When she began to wriggle in his arms, he reluctantly lowered her. The other men moved back as though she might explode when she touched ground.

And she did. She yelped with pain. Two of the men made a sling with their arms and silently waited. Without a word she lowered herself into it and put a reluctant arm around each man to steady herself. The procession moved toward the cabin.

“How did you know where I lived?” she asked.

“They briefed us before we came out. This was volunteer duty, like cleaning out a machine-gun nest. They said you might take a potshot at us,” The big man laughed; the others grinned.

She felt better. She might be helpless now, but she had made them think twice about tramping through her property. “I don't suppose you can control the results of your tests, what they say?” For that she would be happy to play the pathetic old lady and even whine a little.

“No ma'am,” the man said apologetically. “We don't have nothing to do with the results. They go right into a computer and then we send them off to the company. We never see the results.”

So much for that.

They were at the cabin. “Can we call the doctor for you? Or we could bring the truck over and take you right to the emergency room at the medical center.”

The thought of riding into town in one of their trucks was odious. “Thank you just the same, but I don't have a phone. If you'll put me down in a chair, I'll be fine. I feel much better.” And then, with a terrible effort, she added, “I'm glad you gentlemen came along. There's some lemonade in the icebox if you'd like some.” But the men seemed anxious to be on their way. Did they imagine that she had booby-trapped the icebox, she wondered, or put rat poison in the lemonade?

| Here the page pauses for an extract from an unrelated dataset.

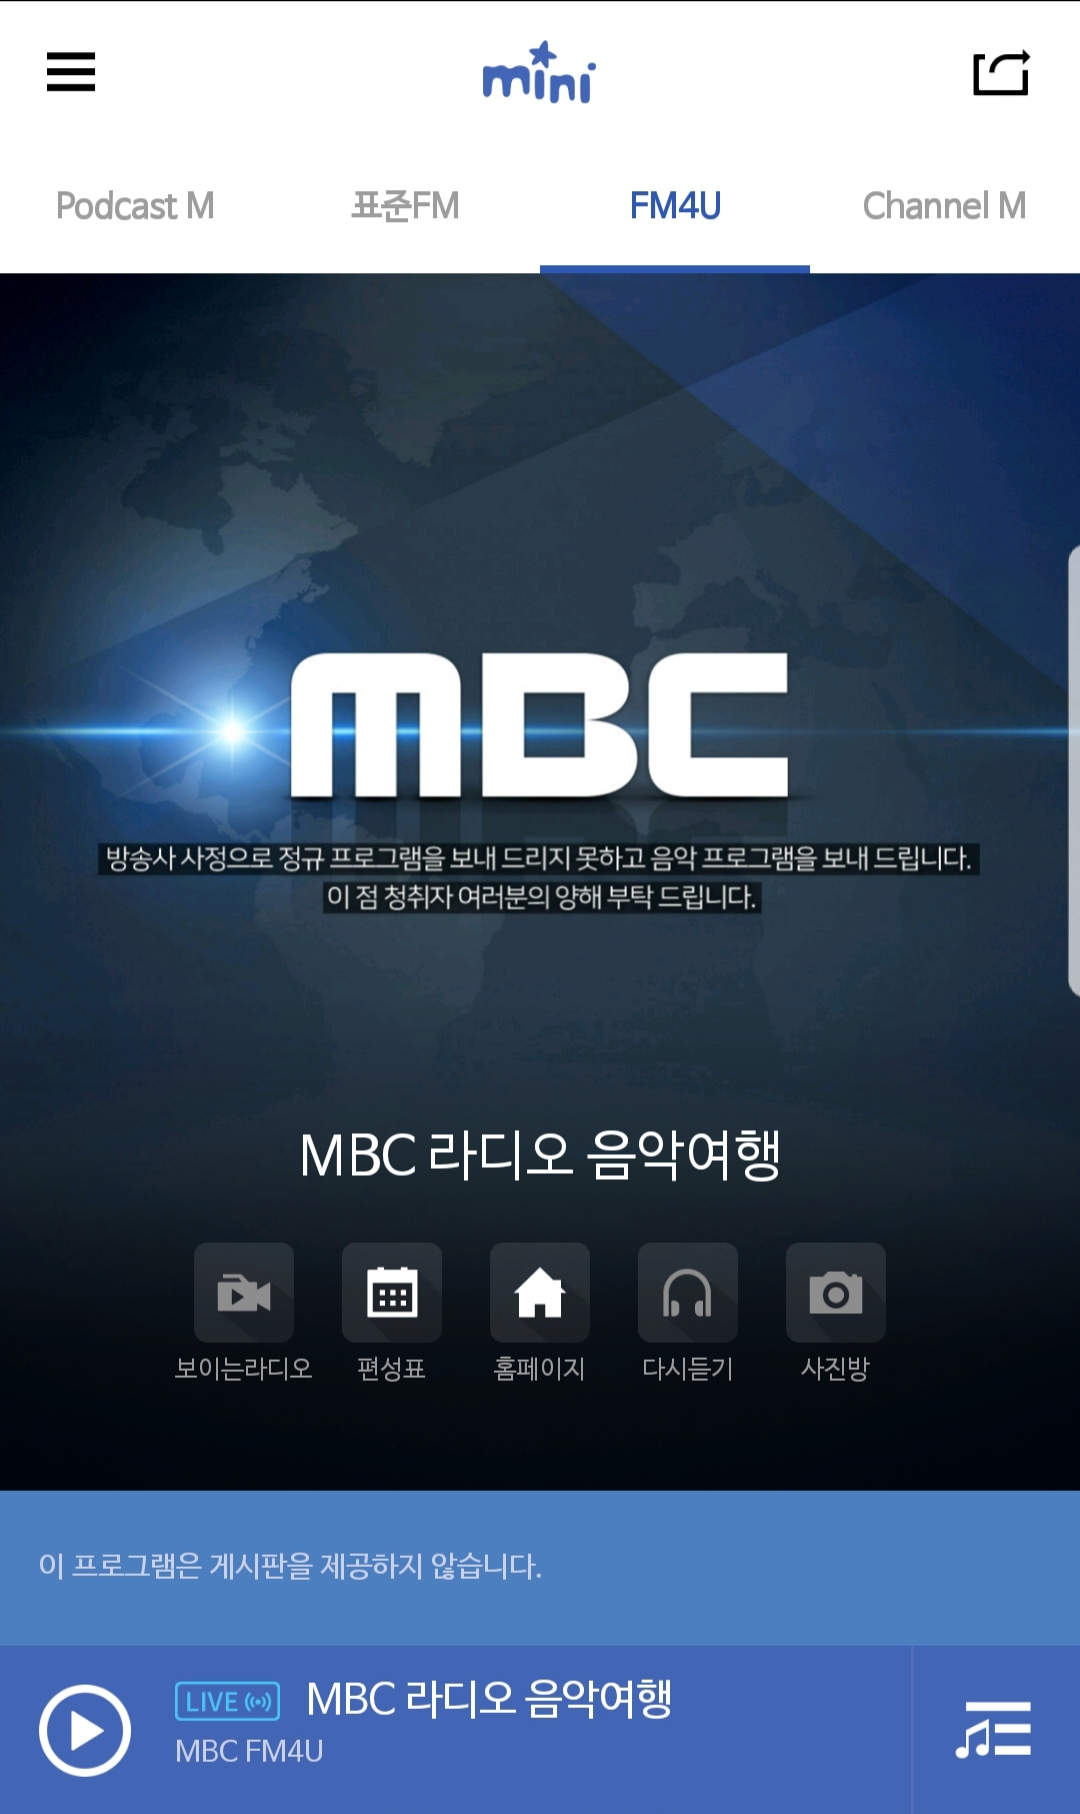 라디오 송출이 중단된 현재 MBC 라디오 어플 '미니'의 모습.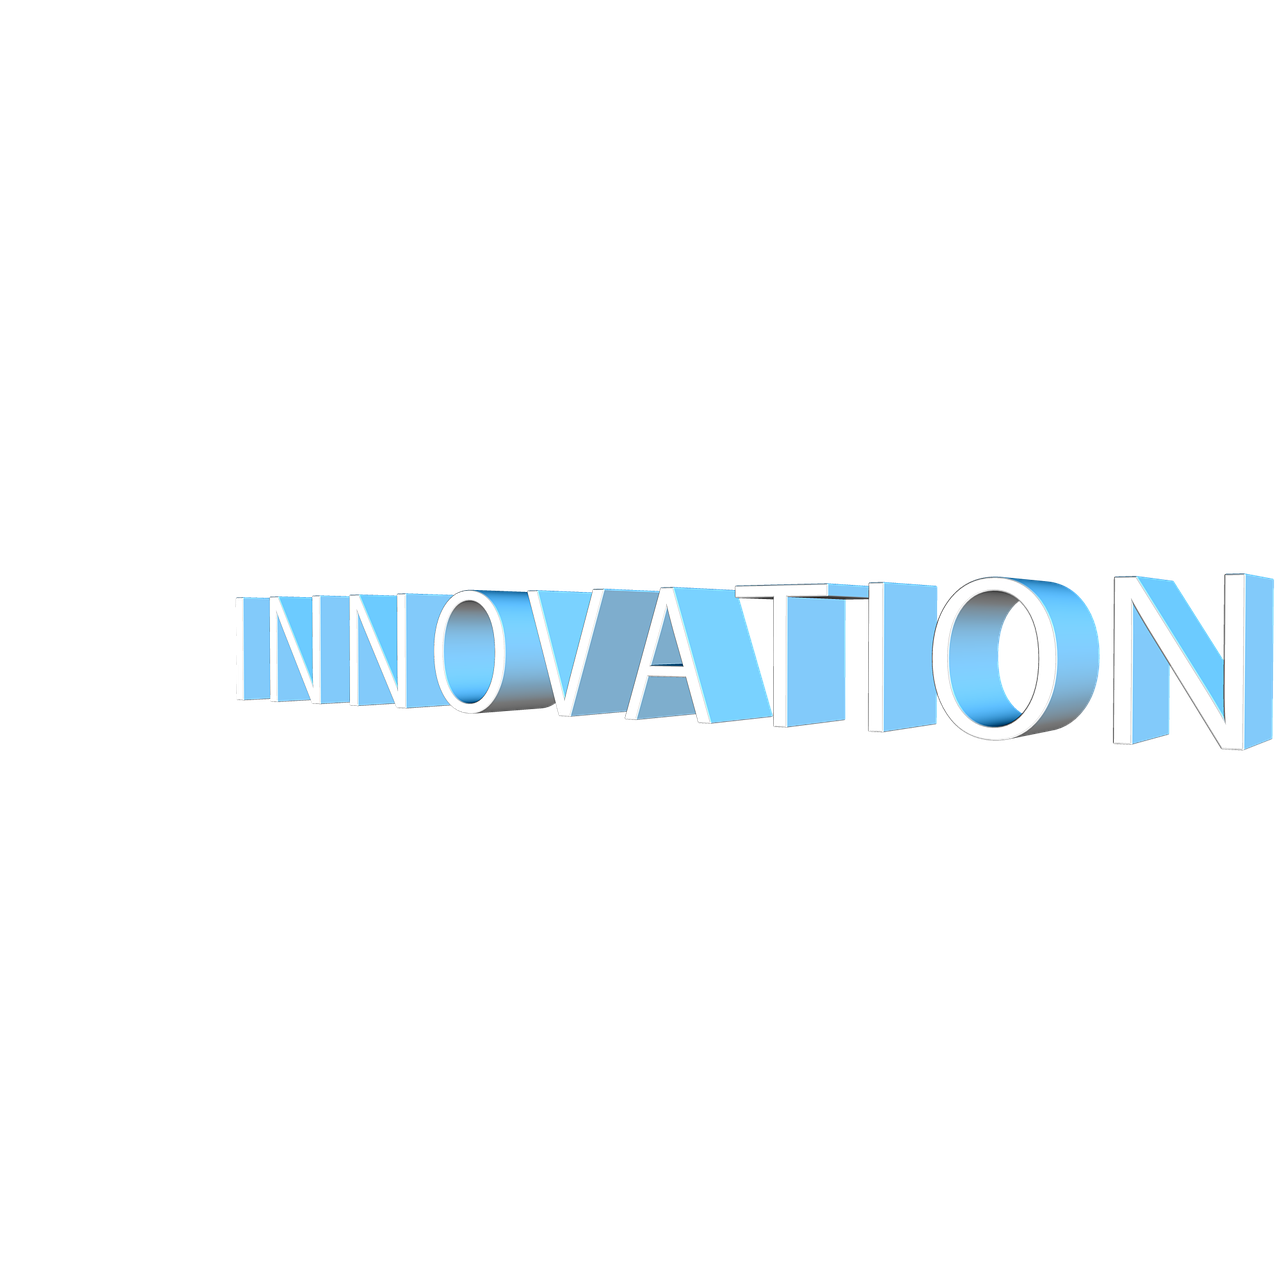 Inovacijos, Atnaujinimas, Konversija, Transformacija, Naujovė, Keisti, Pertvarkymas, Reorganizavimas, Naujos Taisyklės, Nauja Pradžia

She hobbled over to the window and watched them squeeze like Keystone Cops into the small car and the truck and take off. What angered her most was that having tramped that land for fifty years, winter and summer, she had believed there was nothing she did not know about it. Now they had come with their fancy paraphernalia, and the fickle land had immediately yielded secrets she would never learn.

10

While Frances made a grumbling recovery from her sprained ankle, Wilson brought groceries to her and took over the delivering of her preserves to Elkins' Market. Even after her ankle had healed, he found himself turning down the sandy, rutted trail that led to her cabin. His days were spent at Mrs. Crawford's and his nights on the rig. He was amazed he could pass so easily between two such different worlds.

Today Wilson and Frances were sitting at the kitchen table. Spread out in front of them were some fossils he had found in the gravel pit and a pile of her reference books. Holding the fossilized pieces of coral in their hands, they tried to imagine from the illustrations in the books what the land had looked like millions of years ago covered by a sea of salt, a sea crawling with undulating animals that looked like exotic flowers.